- **WHAT THIS TASK INVOLVES**:
Using the entries that follow, transcribe only the lines from the line with "Street vendors near" to the line with "gartenpavillon modern mediona", both included, exactly as they stand and without pictures.

- **TASK MATERIAL**:
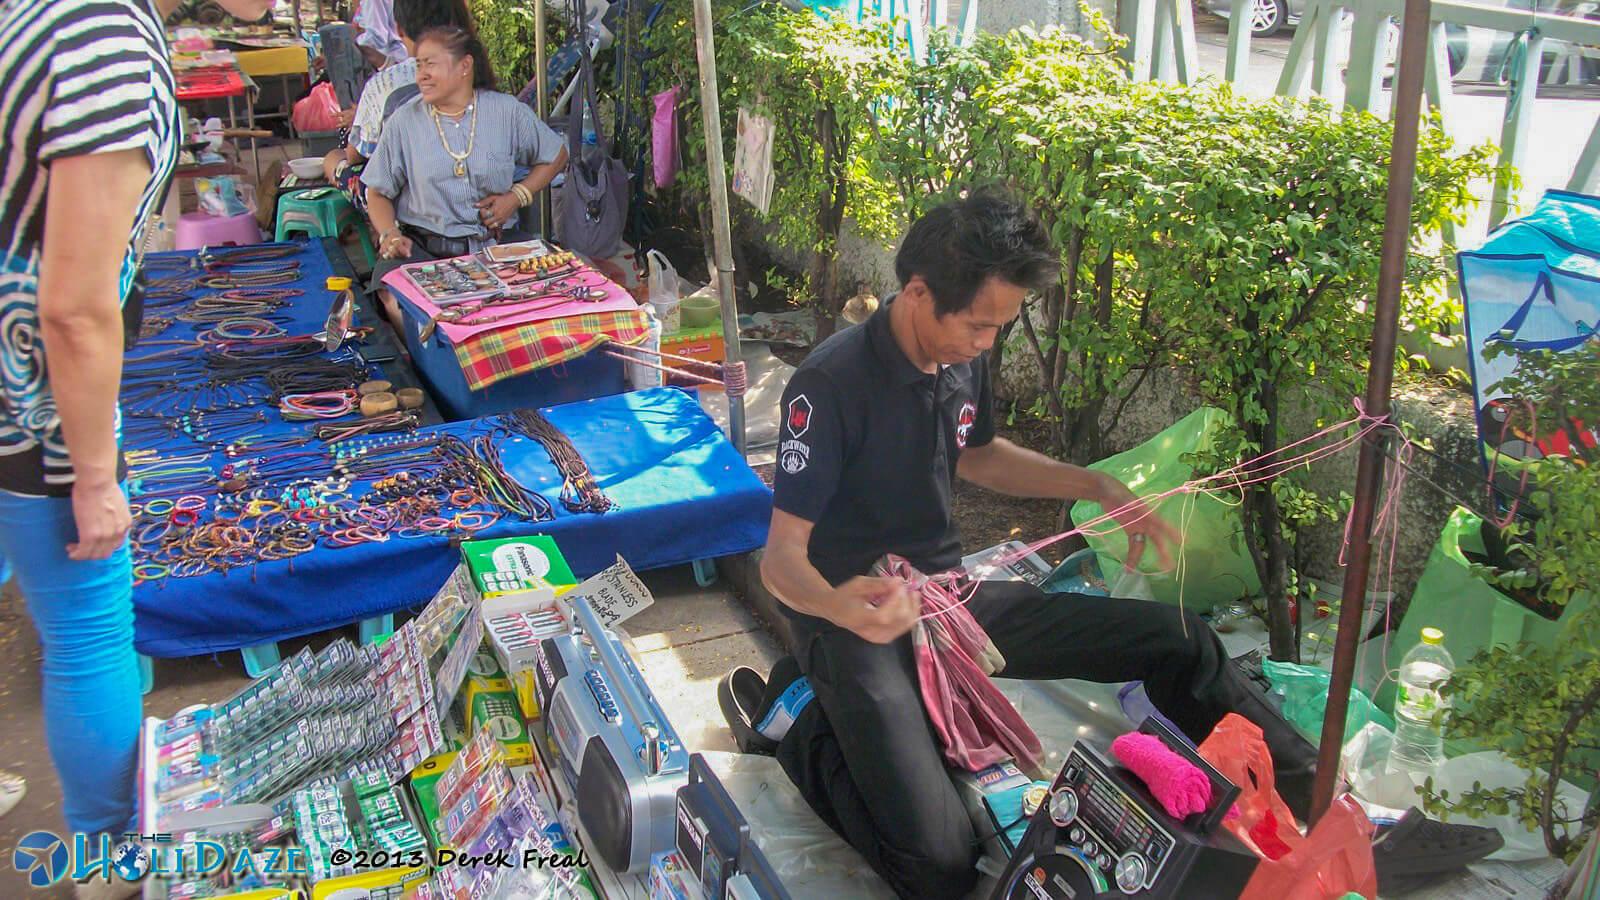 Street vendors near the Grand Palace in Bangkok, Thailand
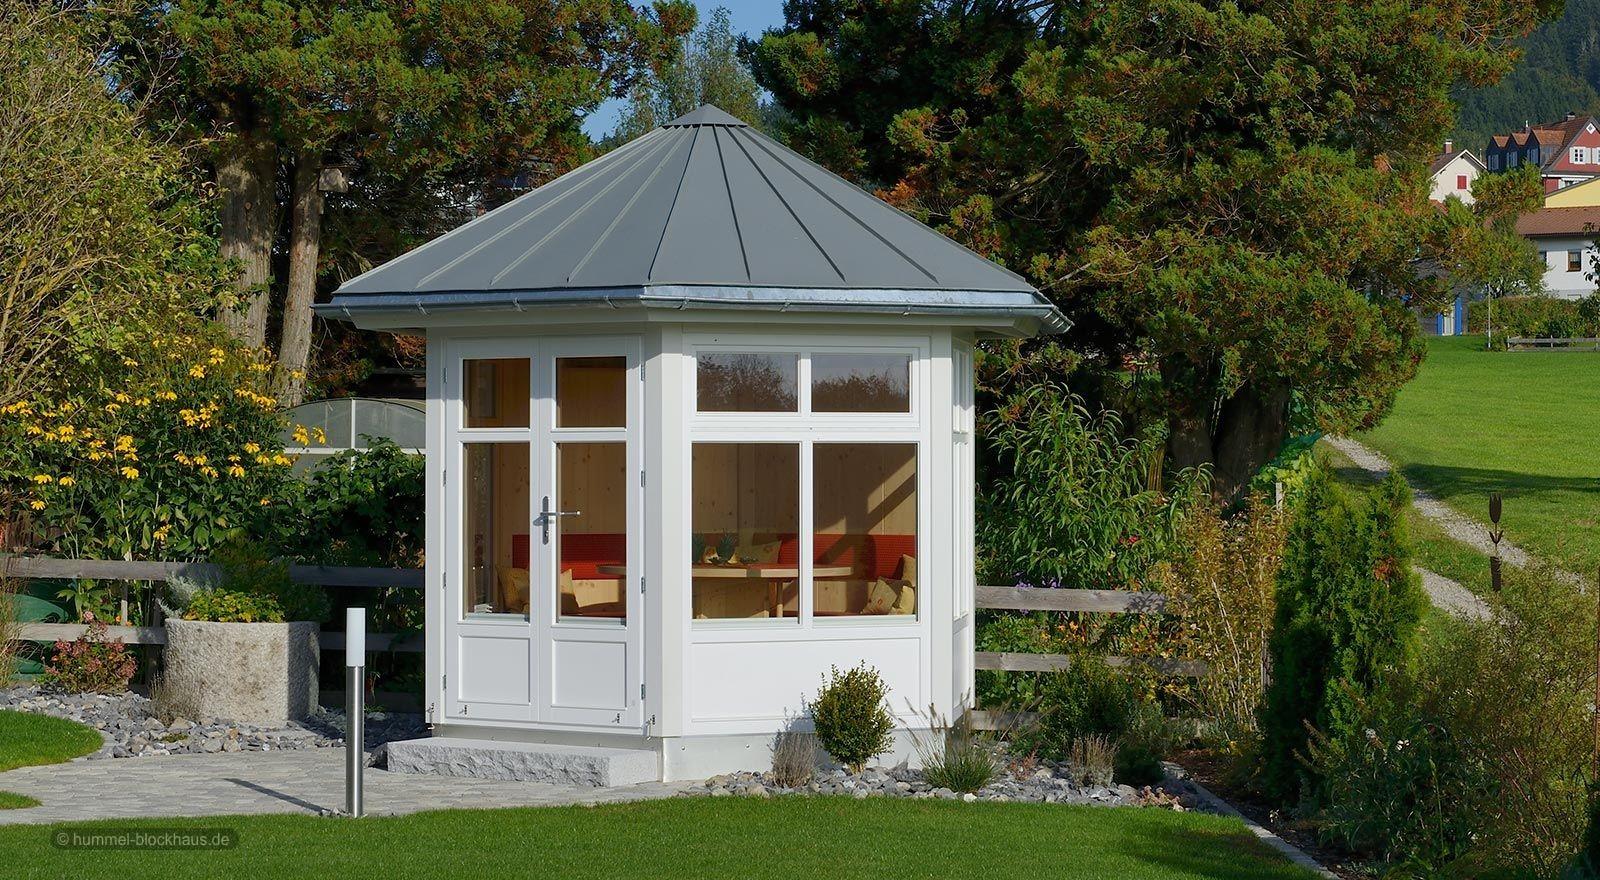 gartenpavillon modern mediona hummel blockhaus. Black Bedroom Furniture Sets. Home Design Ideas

* * *

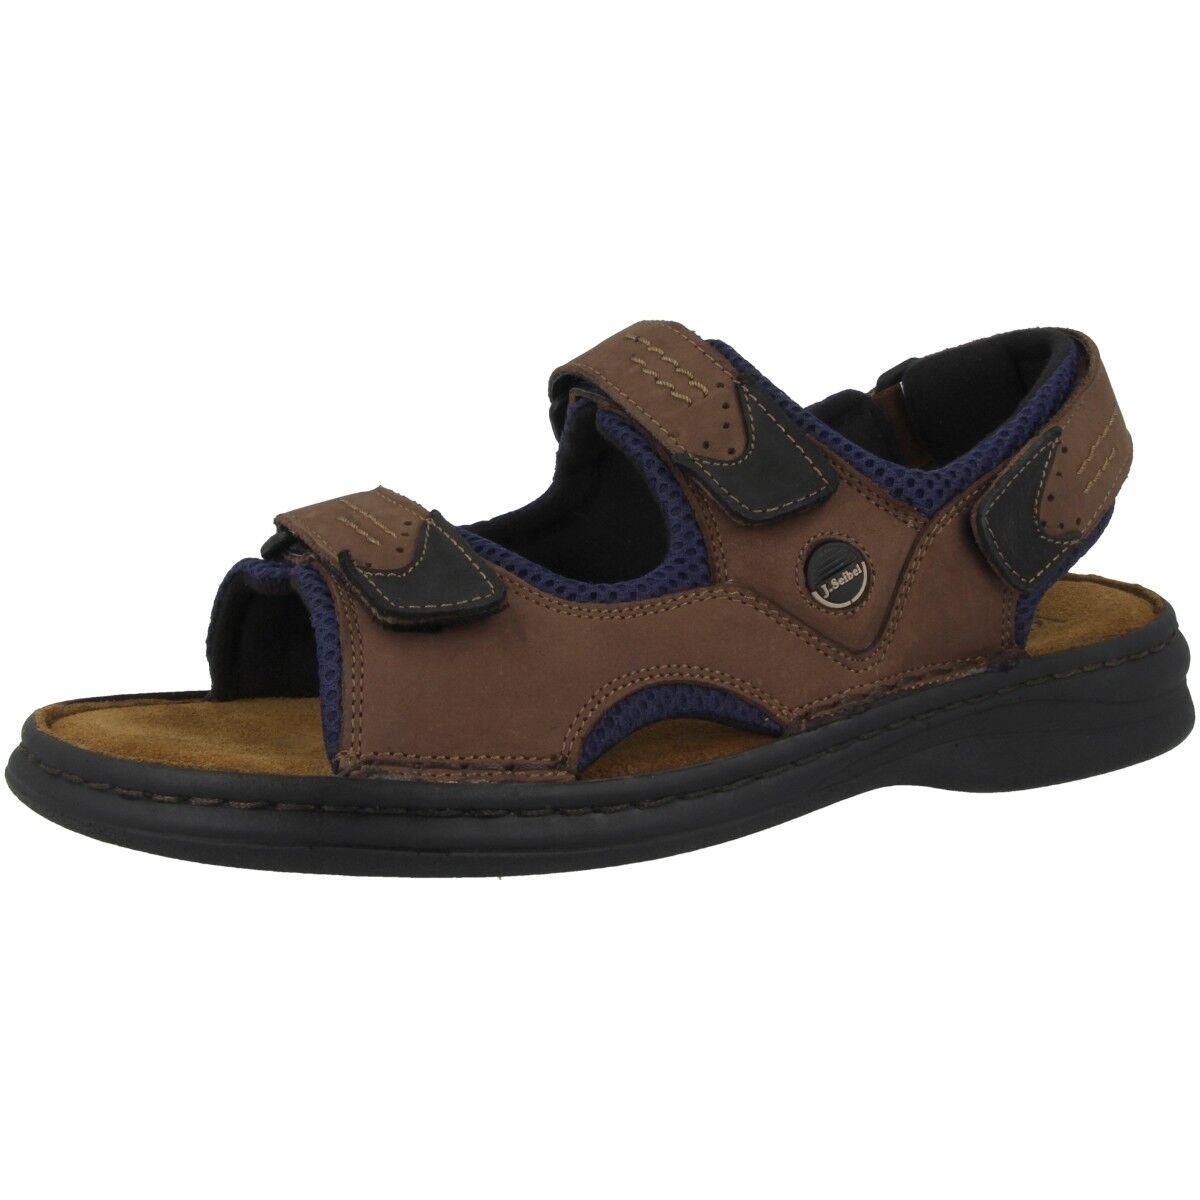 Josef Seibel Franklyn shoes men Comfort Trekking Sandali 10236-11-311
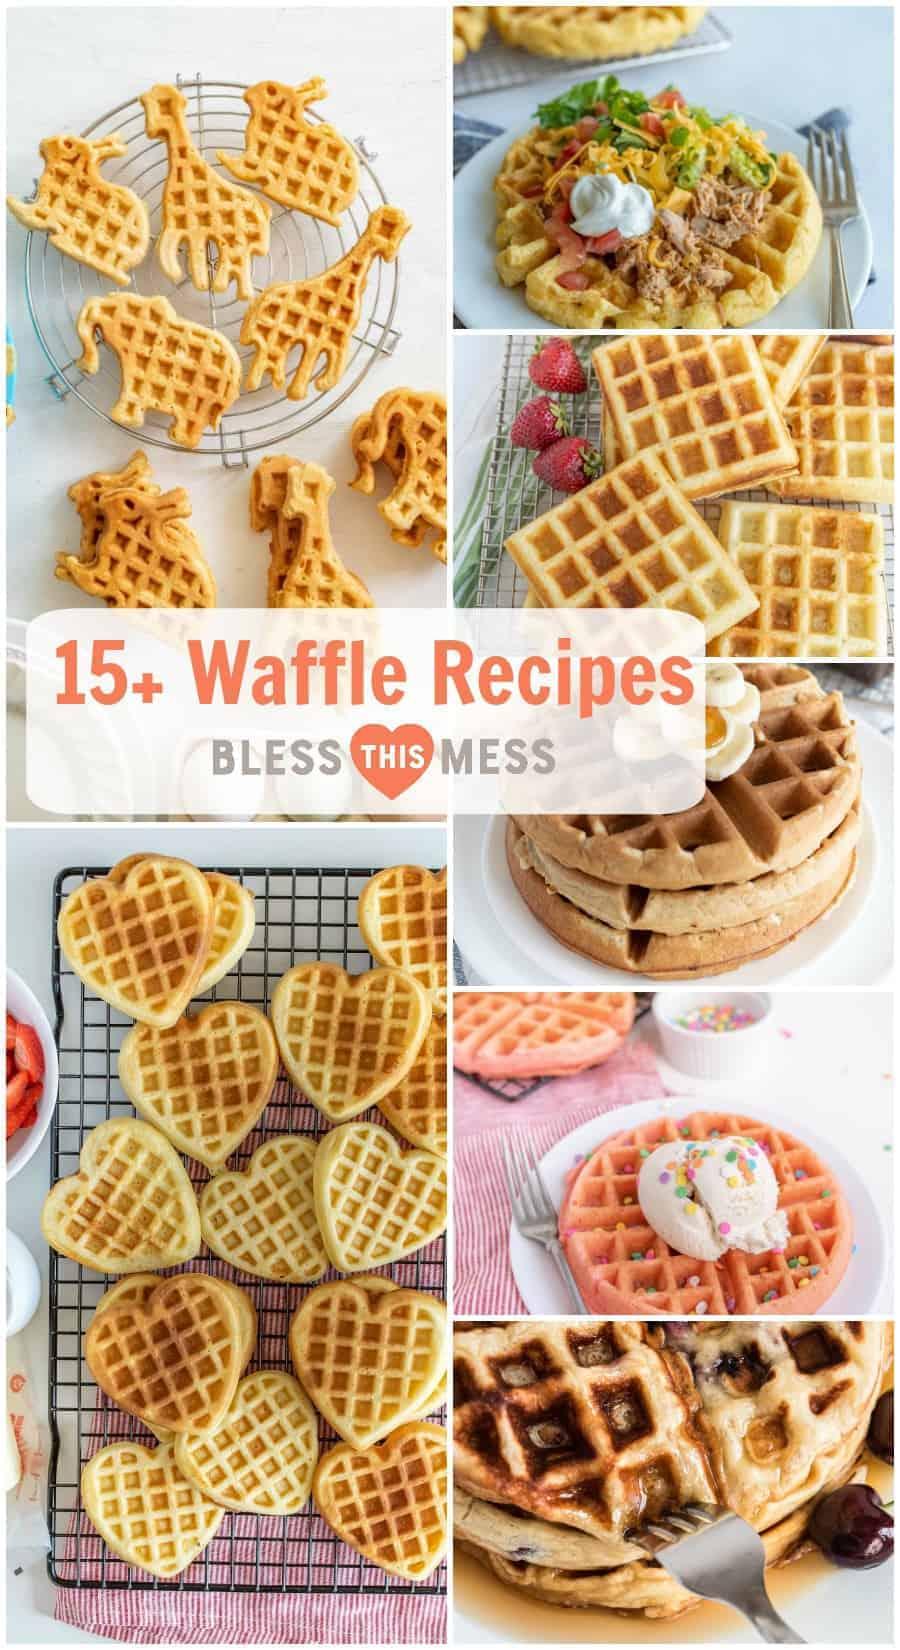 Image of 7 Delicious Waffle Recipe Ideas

- **RESULT**:
 Street vendors near the Grand Palace in Bangkok, Thailand
 gartenpavillon modern mediona hummel blockhaus. Black Bedroom Furniture Sets. Home Design Ideas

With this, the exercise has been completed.